• [DATA SHOWN]

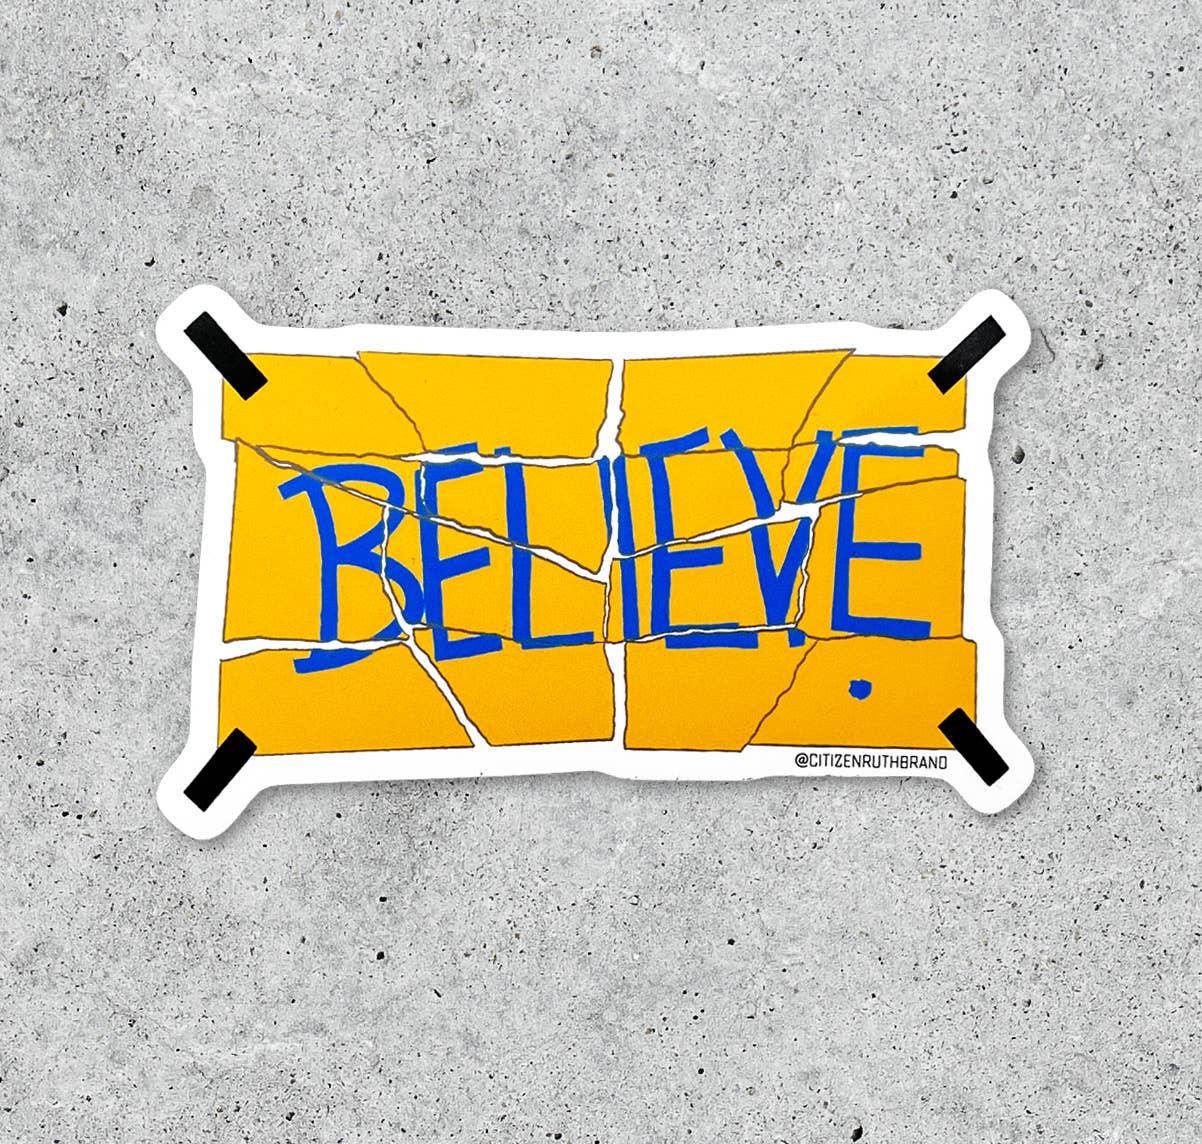 Citizen Ruth - Ted Lasso Torn Believe Sign Sticker
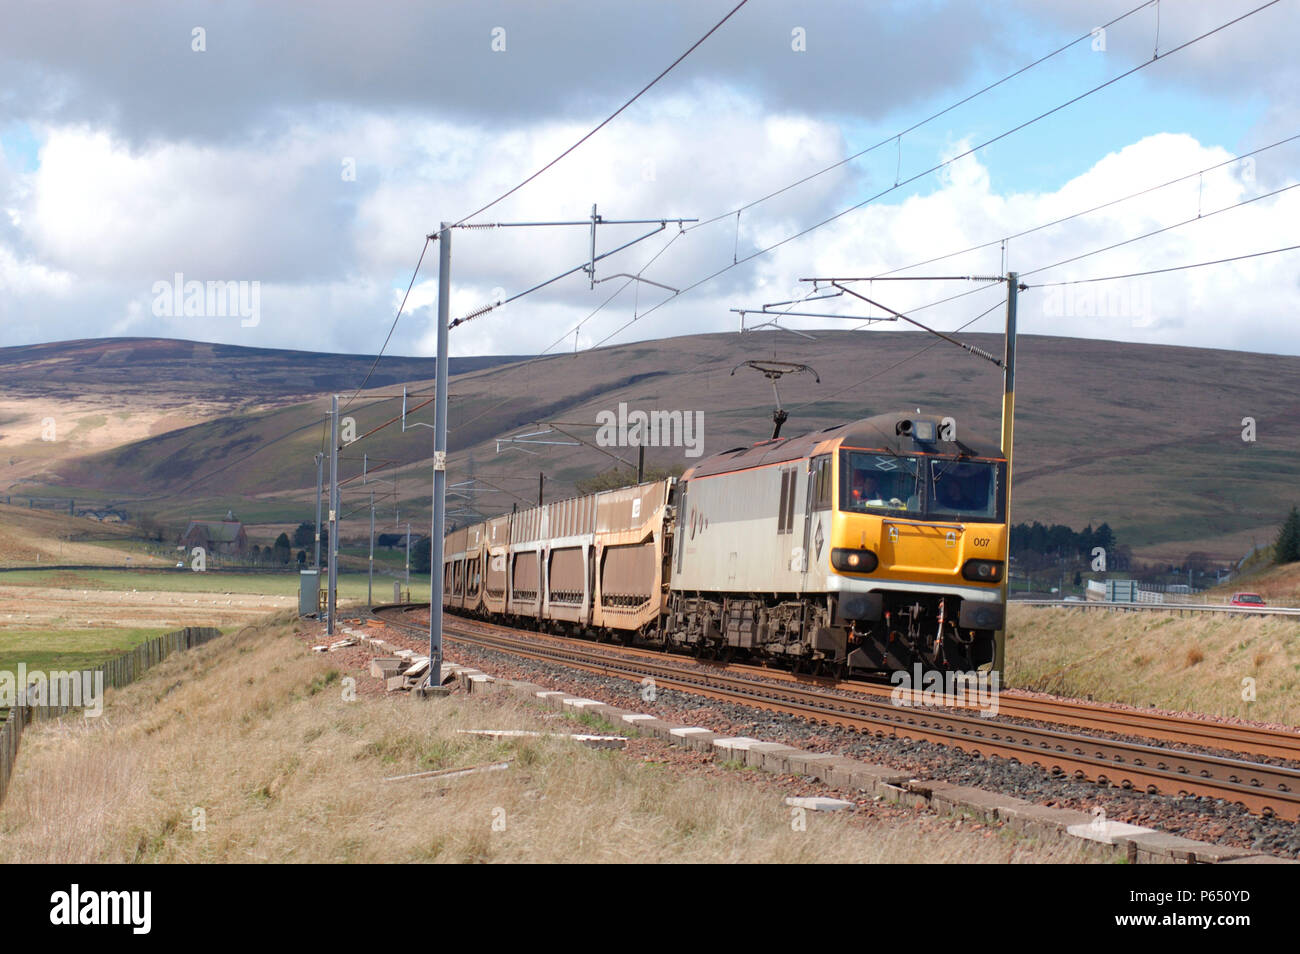 A Class 92 multi-voltage electric locomotive curves through the Upper Clyde valley on the ascent of Beattock with a Mossend - Carlisle Enterprise serv Stock Photo
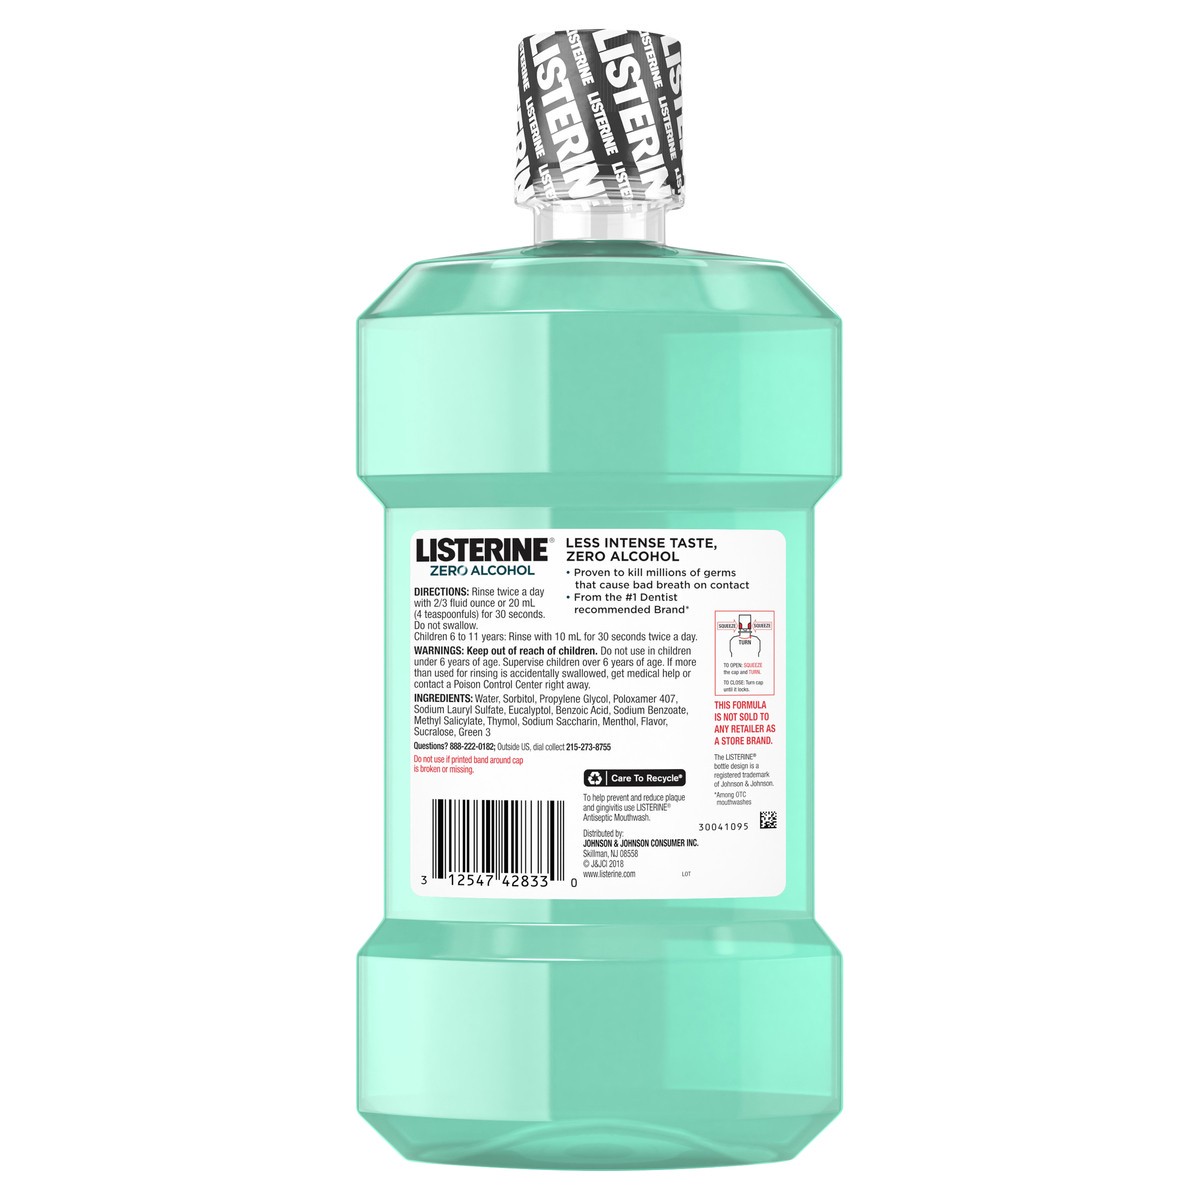 slide 6 of 6, Listerine Mouthwash, Zero Alcohol, Germ Killing, Less Intense Formula, Bad Breath Treatment, Alcohol Free Mouth Wash for Adults; Cool Mint Flavor, 1 L (Pack of 1), 33.8 oz

• [THE TASK] The material is to be reproduced verbatim, and no picture may appear in the copy.

• [EXERCISE ANSWER]
 Citizen Ruth - Ted Lasso Torn Believe Sign Sticker
 A Class 92 multi-voltage electric locomotive curves through the Upper Clyde valley on the ascent of Beattock with a Mossend - Carlisle Enterprise serv Stock Photo
 slide 6 of 6, Listerine Mouthwash, Zero Alcohol, Germ Killing, Less Intense Formula, Bad Breath Treatment, Alcohol Free Mouth Wash for Adults; Cool Mint Flavor, 1 L (Pack of 1), 33.8 oz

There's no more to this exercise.